Raw data =
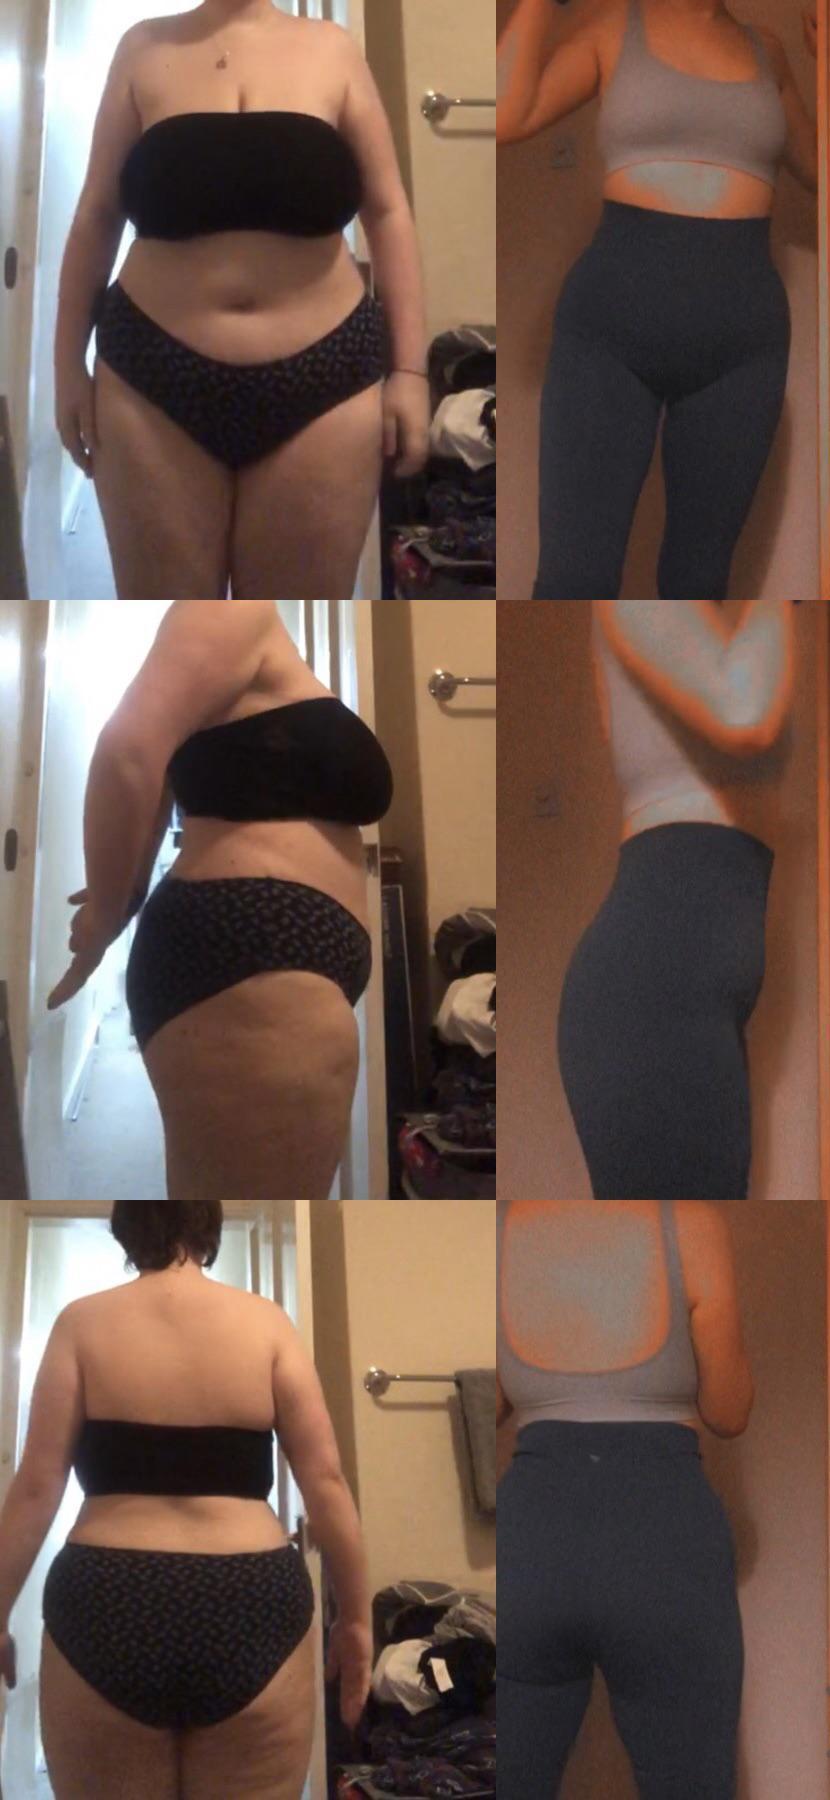 Progress Pics of 95 lbs Fat Loss 5 feet 8 Female 235 lbs to 140 lbs
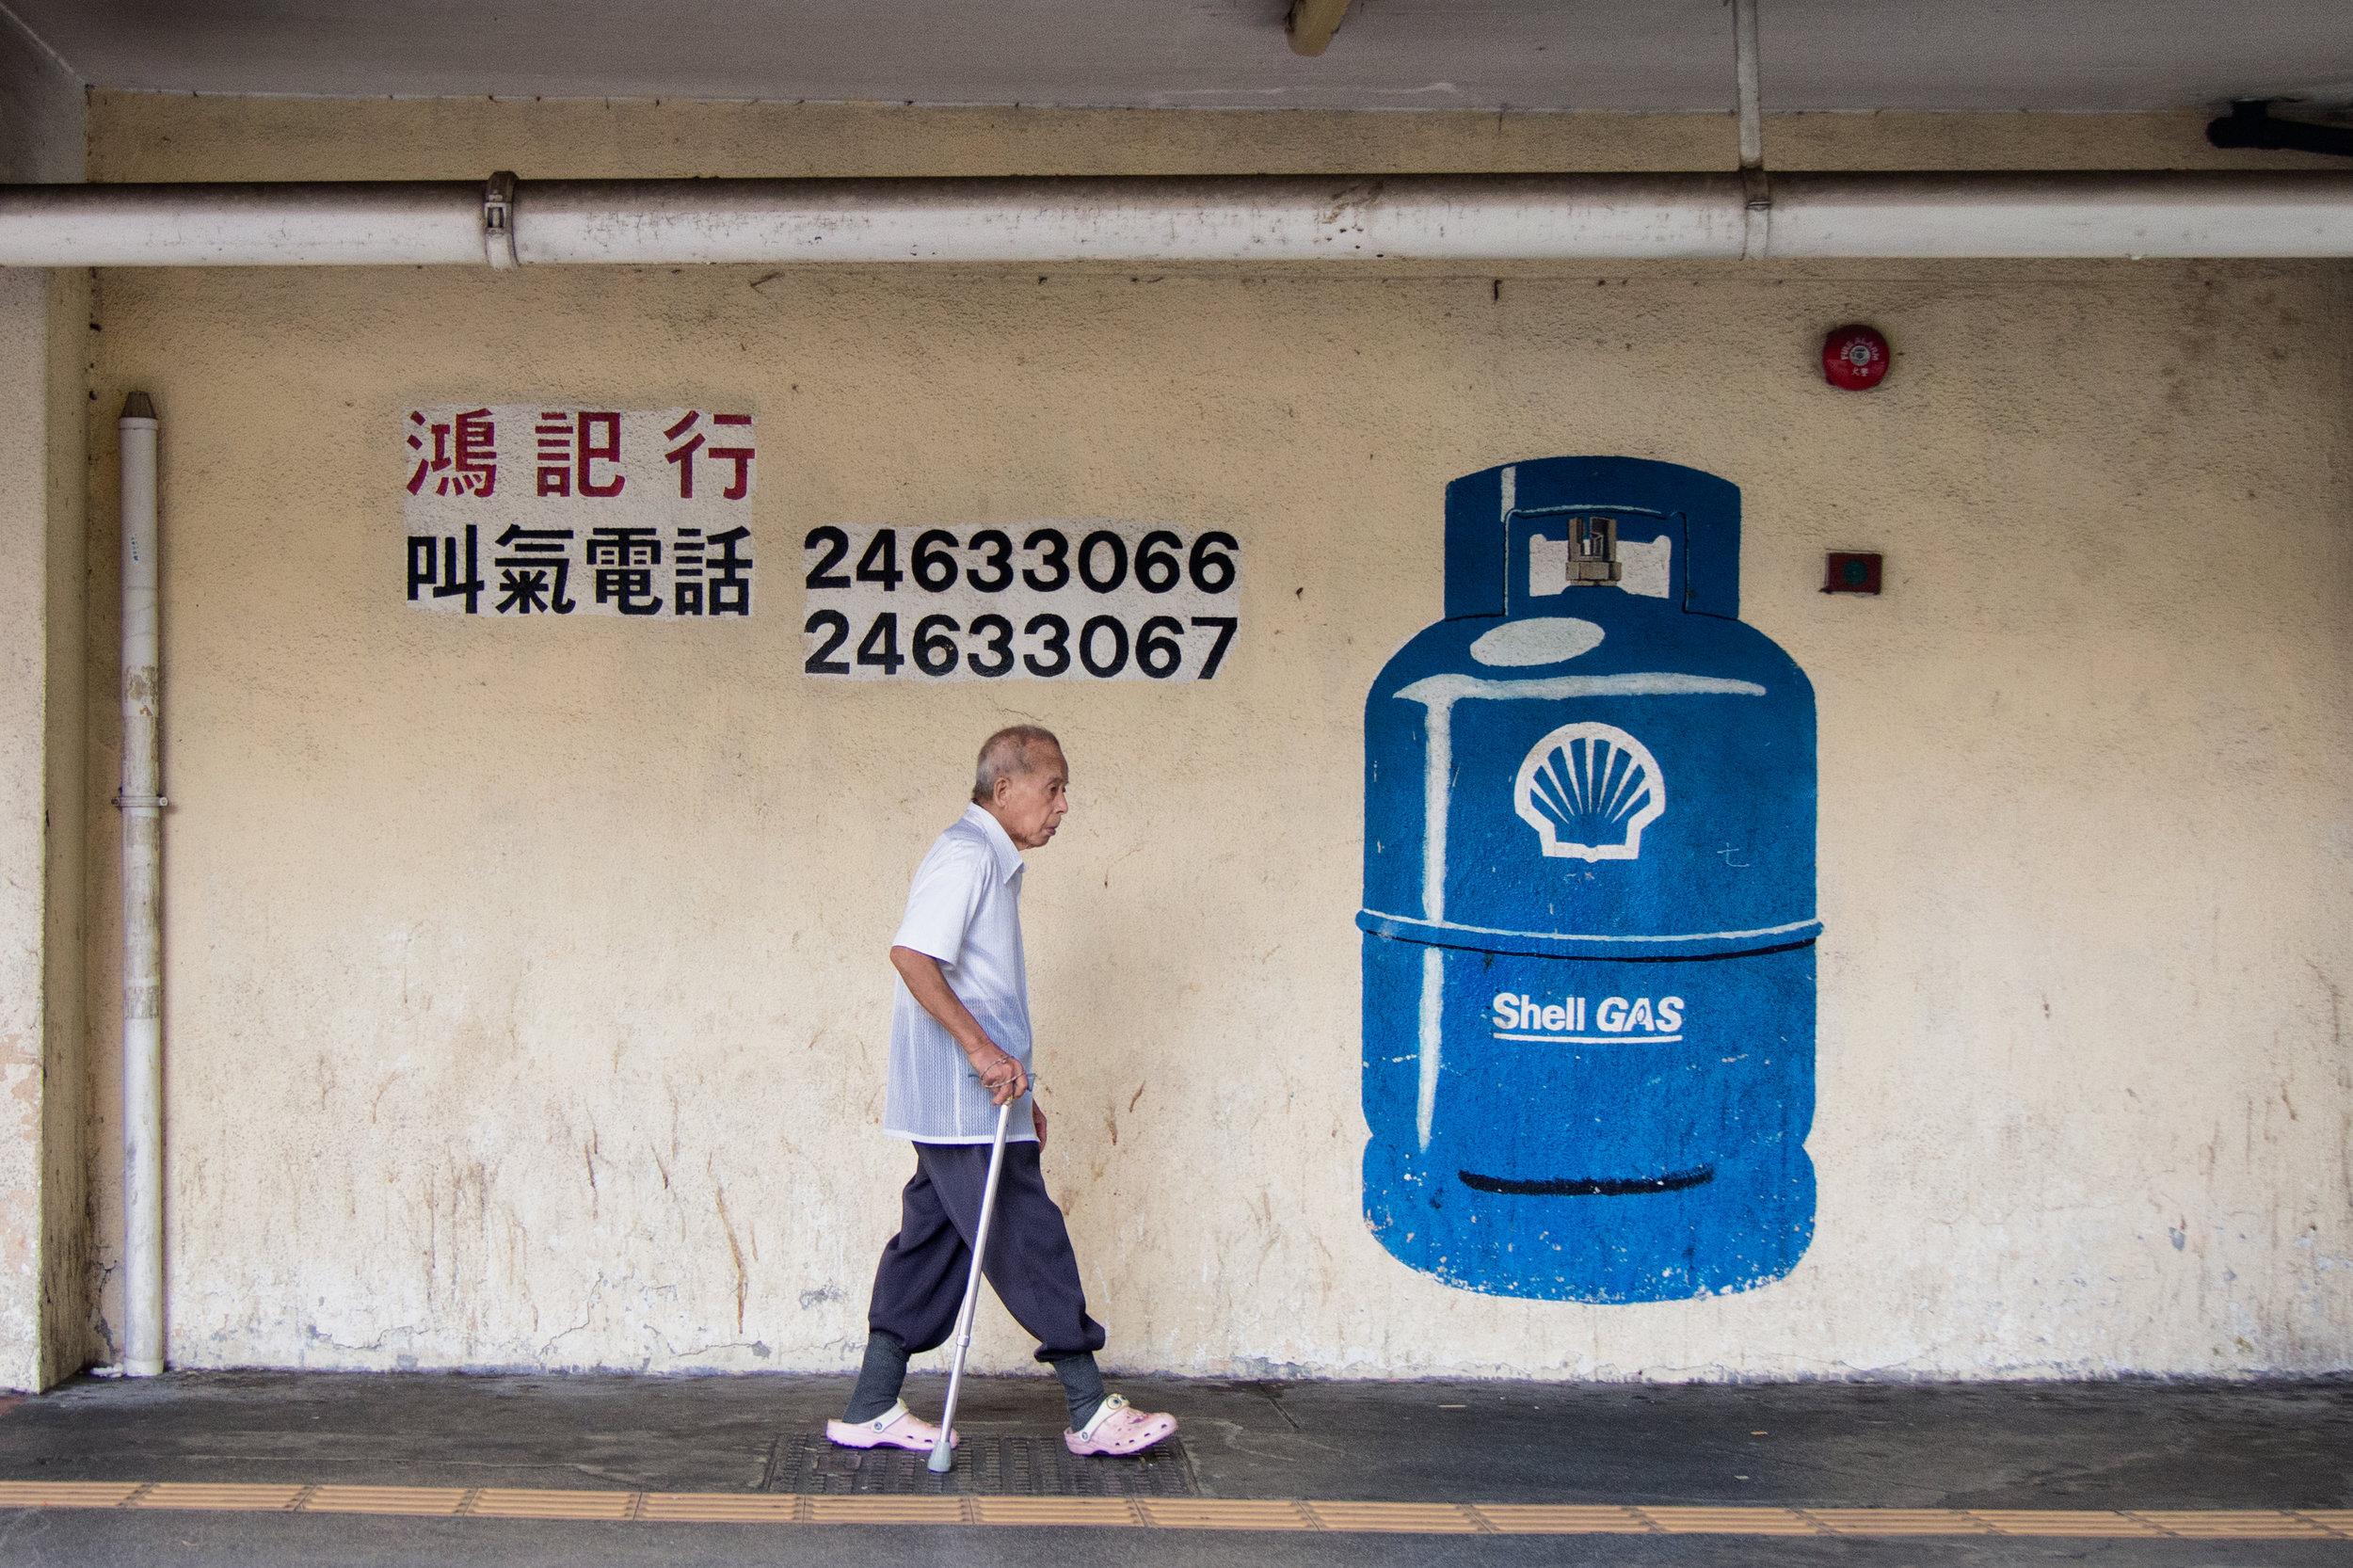 ©William Leung - 「其實我拍攝的不是『作品』,而是記錄一個時間……我想記錄一些細微轉變。」William以屋邨油漆為例,就算同一角度同一位置,十年前後的用色亦有所改變,喜歡屋邨的他不單是喜愛,而會更進一步了解公共屋邨的運作。
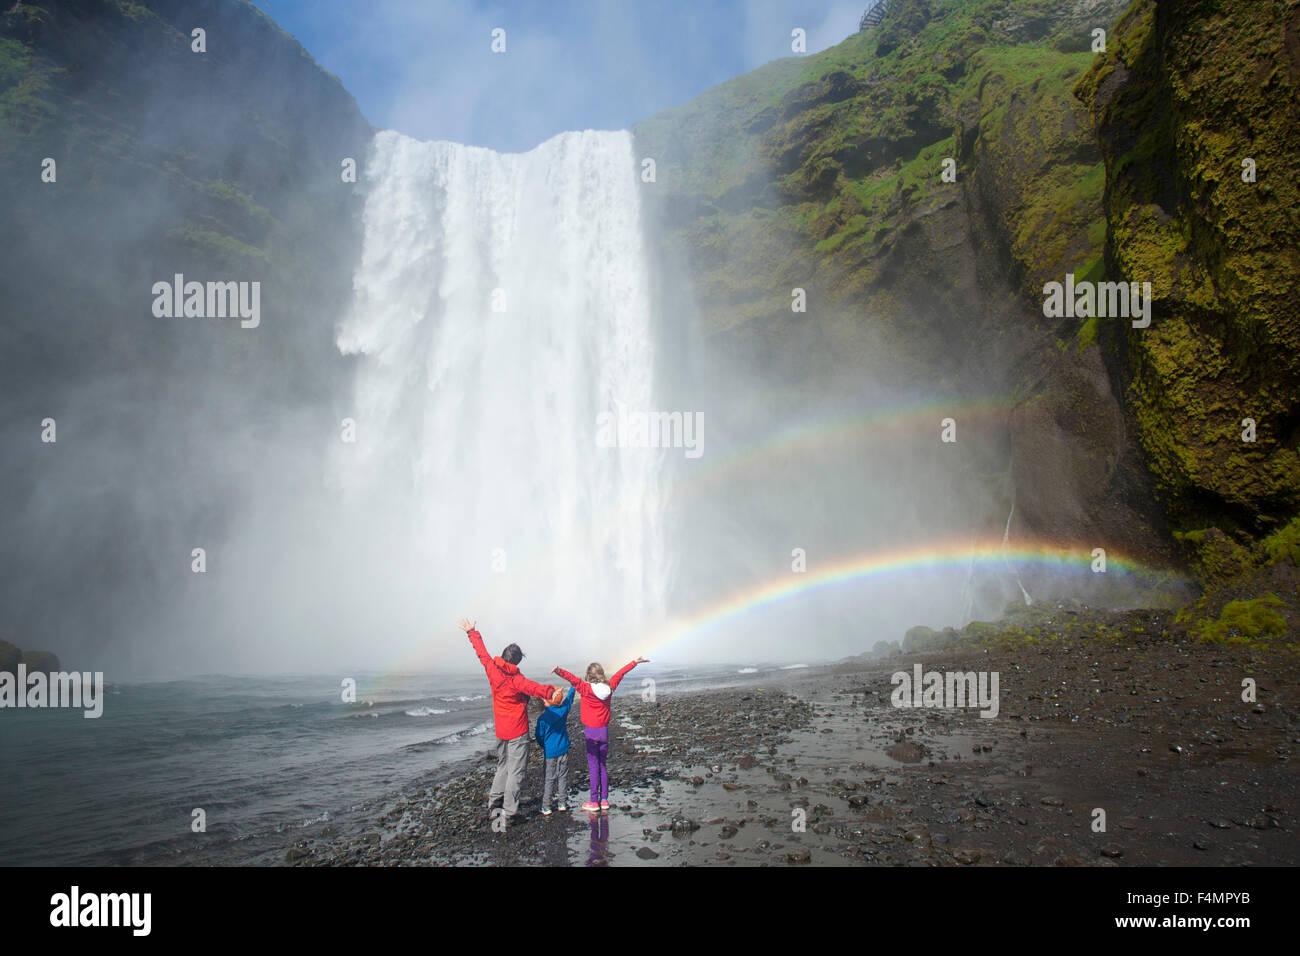 En la familia arco iris debajo de 60m de alto, Catarata Skogafoss, Sudhurland Skogar, Islandia. Imagen De Stock
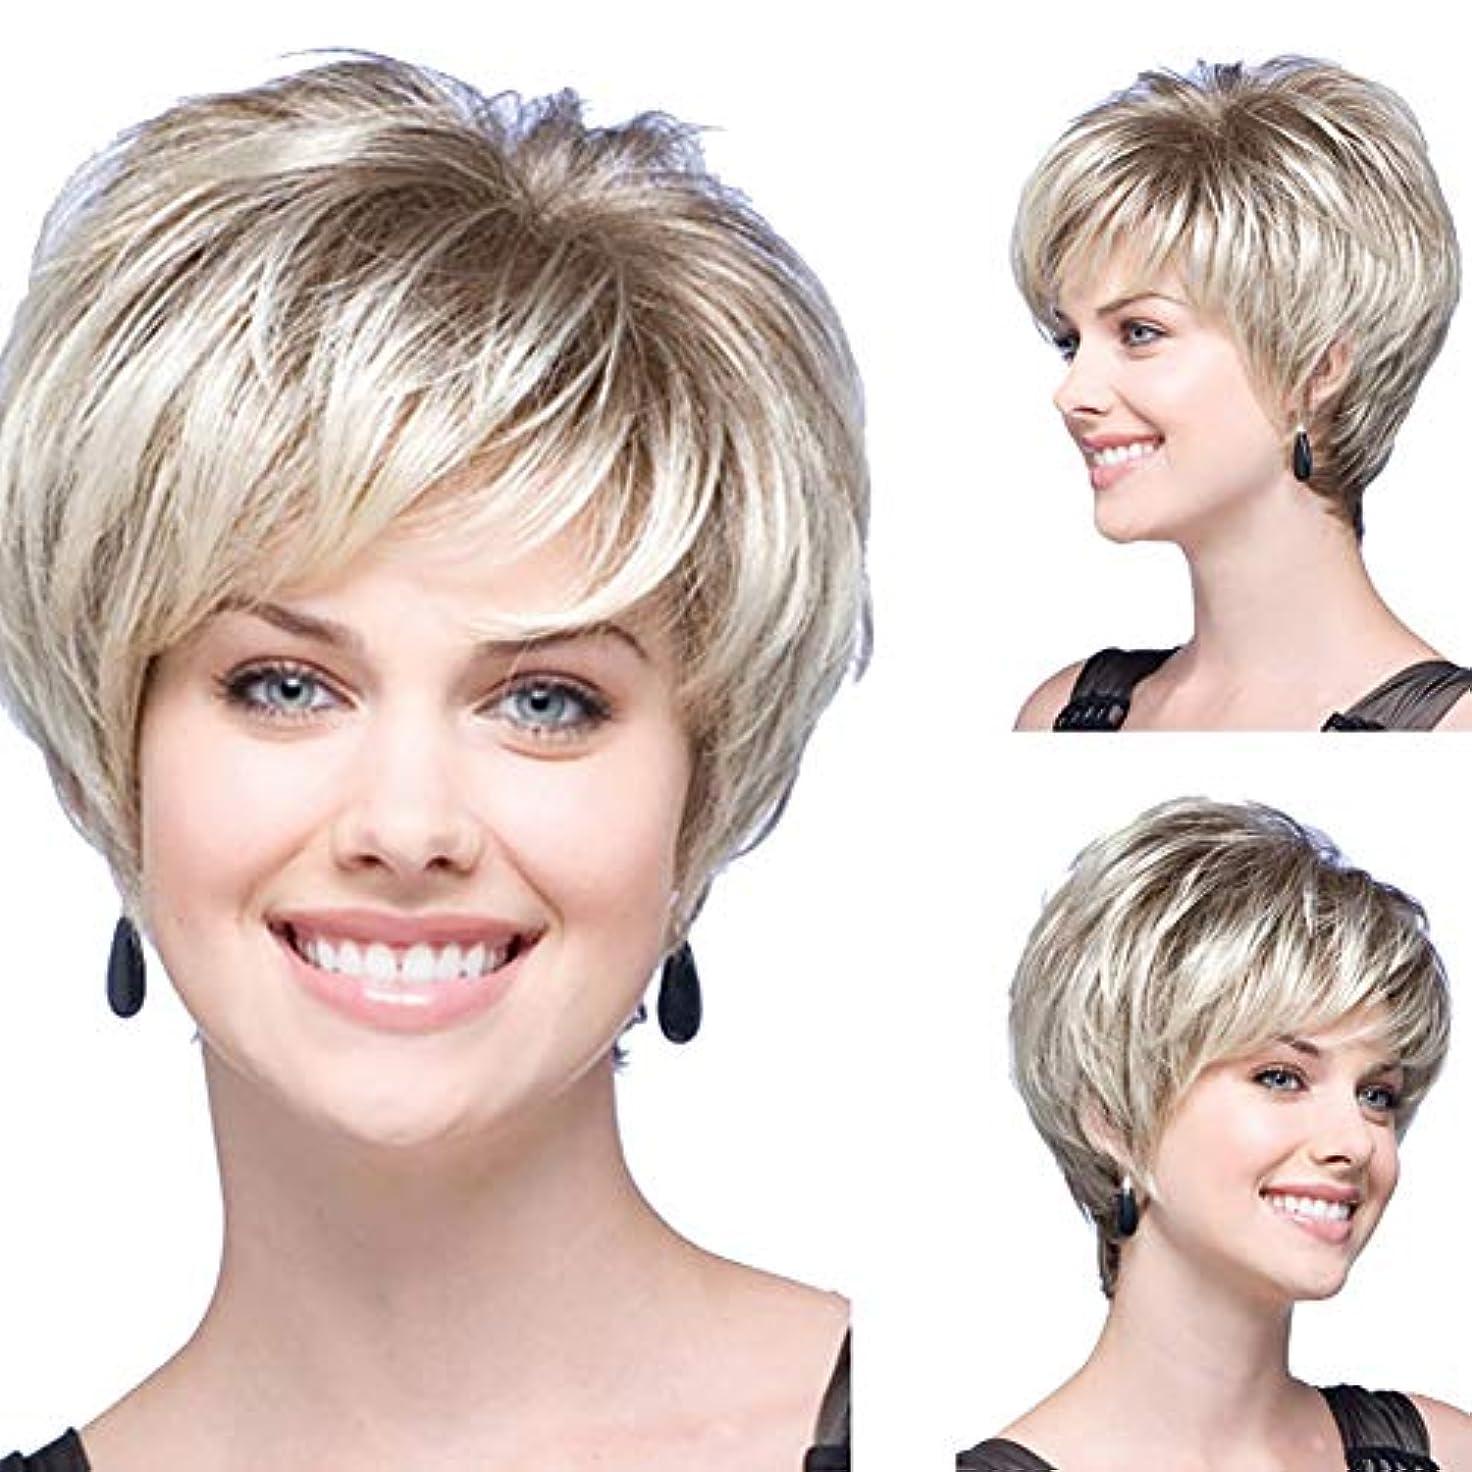 なめらか終点血まみれslQinjiansav女性ウィッグ修理ツール高温天然合成繊維レディショートコスプレウィッグヘアピース

Work required =
Retype the whole listing word for word. Skip the pictures.

Reply to the exercise =
 Progress Pics of 95 lbs Fat Loss 5 feet 8 Female 235 lbs to 140 lbs
 ©William Leung - 「其實我拍攝的不是『作品』,而是記錄一個時間……我想記錄一些細微轉變。」William以屋邨油漆為例,就算同一角度同一位置,十年前後的用色亦有所改變,喜歡屋邨的他不單是喜愛,而會更進一步了解公共屋邨的運作。
 En la familia arco iris debajo de 60m de alto, Catarata Skogafoss, Sudhurland Skogar, Islandia. Imagen De Stock
 なめらか終点血まみれslQinjiansav女性ウィッグ修理ツール高温天然合成繊維レディショートコスプレウィッグヘアピース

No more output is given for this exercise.